Report is in three parts with key findings in the main text and selected country findings in country briefs for each country, we have comprehensive results in big results, tables and in Excel file.
I’m not going to use slides, a couple times will share my screen to highlight tables and figures on the website and links will be in the chat box.
So, as background since 2006,186 countries have adopted, ratified the convention on the rights of persons with disabilities. The CRPD. And in 2015, Governments have adopted the sustainable development goals, policy agenda promising to leave no one behind.
So, in that context, the disability data report has two objectives. First it reviews what data is available to identify persons with disabilities all over the world so that we know to what extent persons with disabilities are potentially visible and accounted for in national statistics.
I say potentially, because the fact that disability data is collected does not necessarily mean that it is analyzed and used.

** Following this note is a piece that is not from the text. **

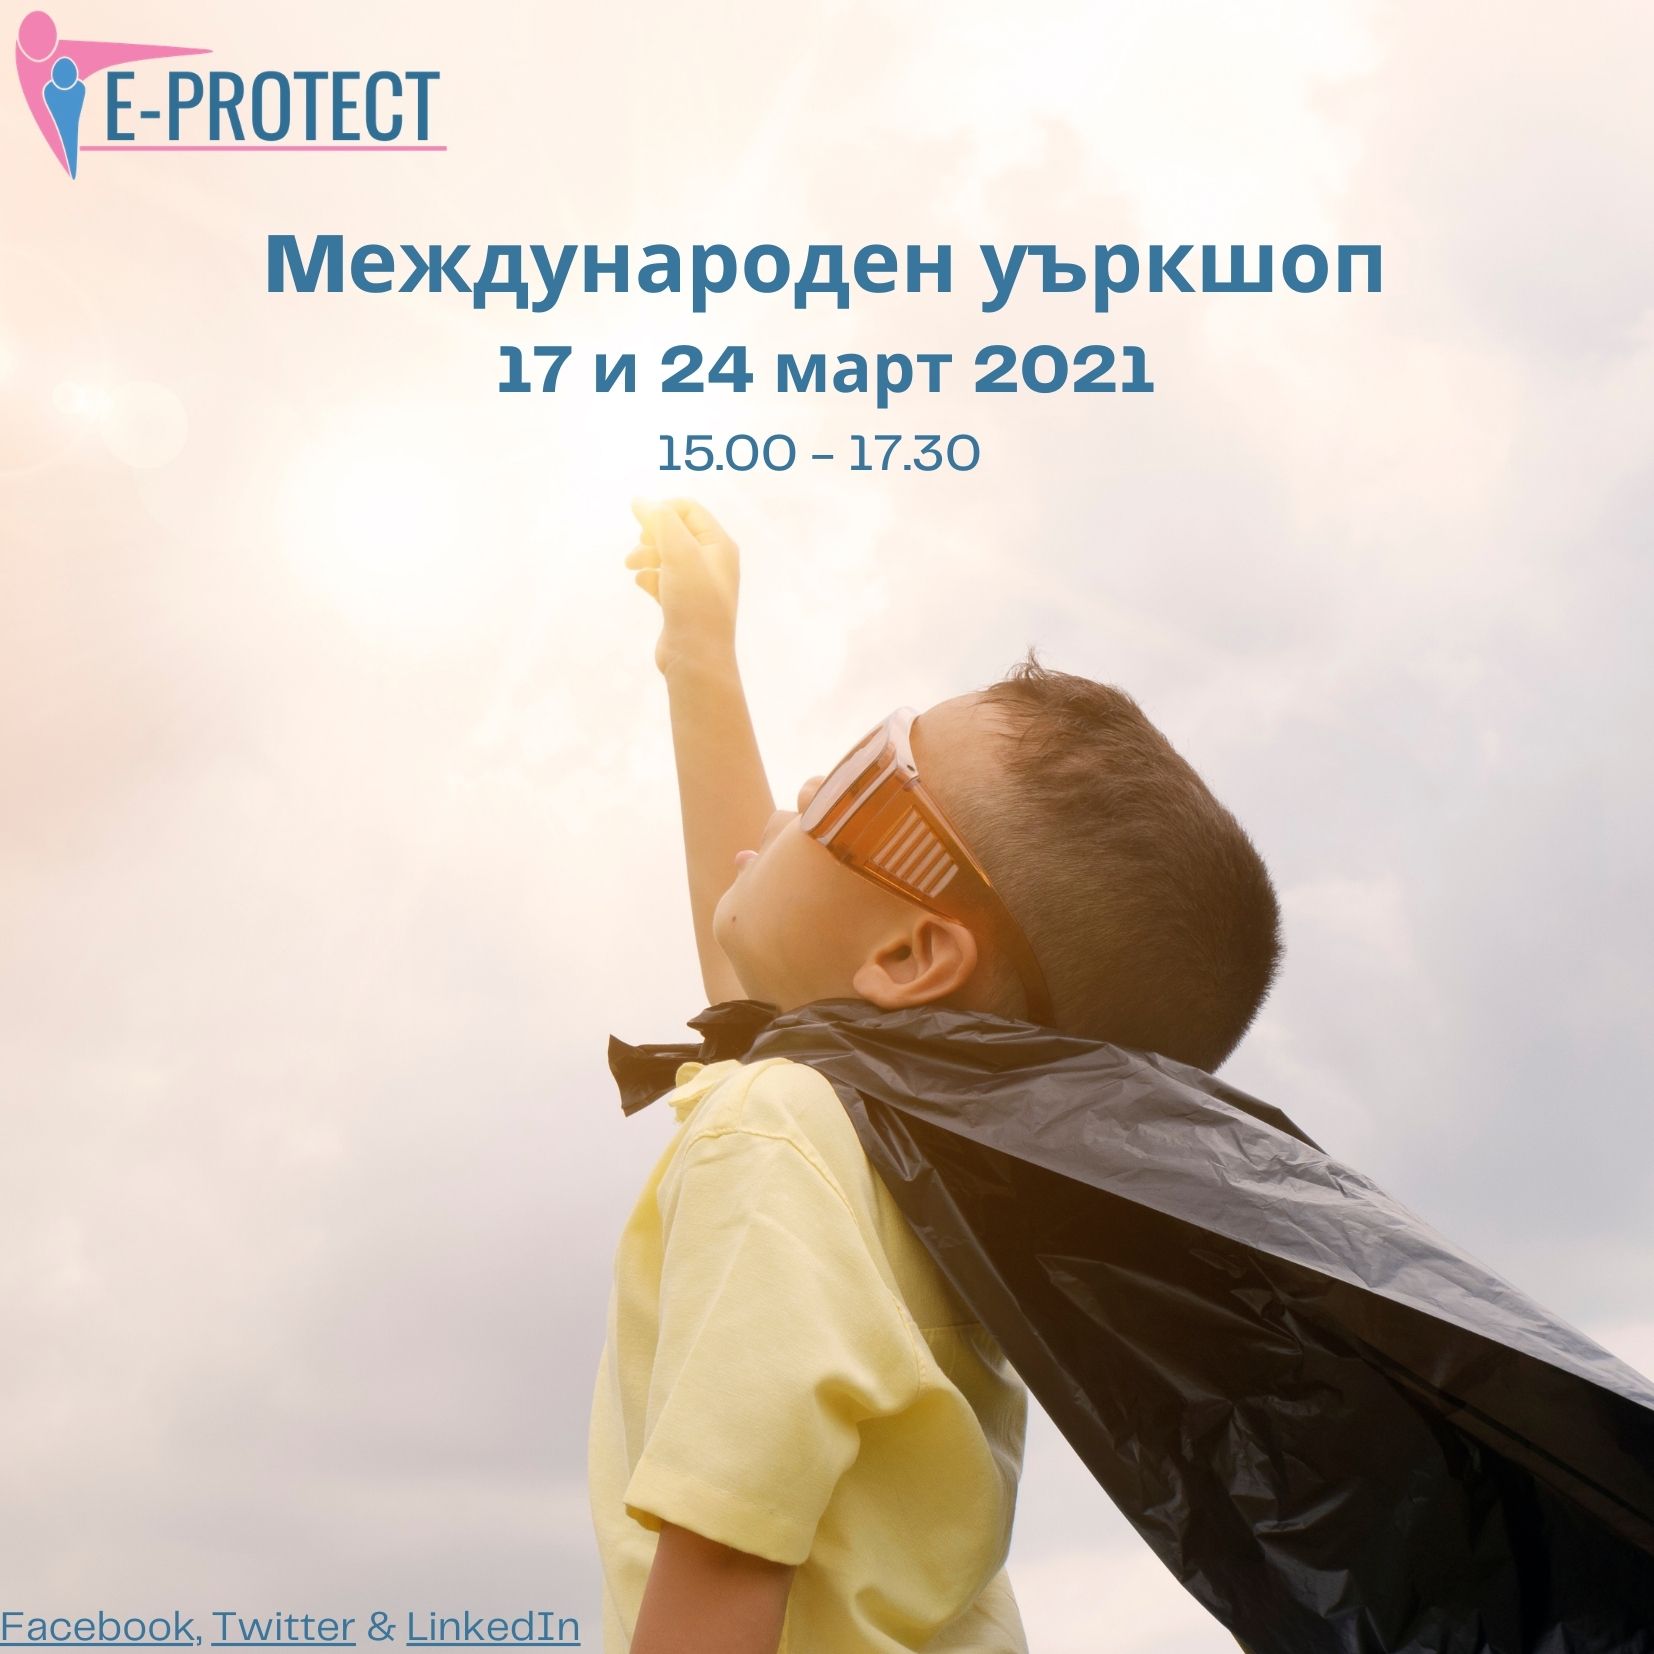 E-PROTECT II международен уъркшоп

In fact, we already know that statistics on human rights and development continue to be very rarely disaggravated by disability status. Is it because the data is not collected. So that is the first question we try to answer.
Then we focus on countries that collect disability data and answer the question: What is feasible in terms of disaggregating indicators? Is it that the data is collected, but perhaps does not lend itself to disaggregation by disability status?
Or is it that the disaggregation work is yet to be done.
Finally, we analyze the data and we have findings on the share of adults with disabilities and on disability disaggregated indicators at national and sub national levels in 15 countries.
So, producing both national and sub national statistics on the situation of persons with disabilities is important because the CRPD may be a tool used by national and local Governments to make their policies inclusive of people with disabilities.
In fact, in countries that have not ratified the CRPD like the U.S., sub national estimates can inform policies as some local Governments use the CRPD to uphold disability rights.
Recent evidence also shows that the COVID—19 pandemic and the climate emergency have varied effects depending on geography and that persons with disabilities are more at risk during disasters and extreme climate events.
Due to a lack of inclusive planning, lack of accessible information, early warning systems and transportation and due to discriminatory attitudes.
Producing local statistics can help inform local policies and programs.
So first regarding our review of data sets, this report examines the questionnaires of close to 13 hundred data sets from 188 countries to identify those with functional difficulty questions. For example, questions on difficulty seeing, hearing, walking, concentrating or remembering.
So, why functional difficulty questions? Because functional difficulty questions follow the United Nations guidelines for disability measurement in censuses.
We also specifically track surveys and censuses that use the internationally comparable and tested Washington group short set (WG—SS) which has questions related to difficulty seeing, hearing, walking, concentrating/remembering, self—care and communicating.
So, the WG—SS enables the monitoring of disability rights and the production of internationally comparable statistics. What do we find. About one in five data sets reviewed for the 2009 to 2022 period have functional difficulty questions.
125 countries were identified as having at least one data set with functional difficulty questions, including 70 countries with at least one data set with the WG—SS.
So this is progress compared to where we were 10,20 years ago in terms of data availability.
In fact, global trends suggest an increase in the share of data sets with the WG—SS during the 2010s.
In the early 2020s, high frequency phone surveys rolled out by countries and international organizations during the pandemic, how often did not include the WG—SS.
The results also show a lot of variation in the collection of functional difficulty questions across world regions. For instance, in Europe and central Asia, functional difficulty questions continue to be rare in surveys and censuses, while in sub—Saharan Africa Middle East and north Africa East Asia and Pacific their availability has markedly increased.
So, as a result despite a lot of progress there is still a need for more data collection in countries where data is lacking and in countries where we find data, but such data is yet to be collected on an on a regular basis.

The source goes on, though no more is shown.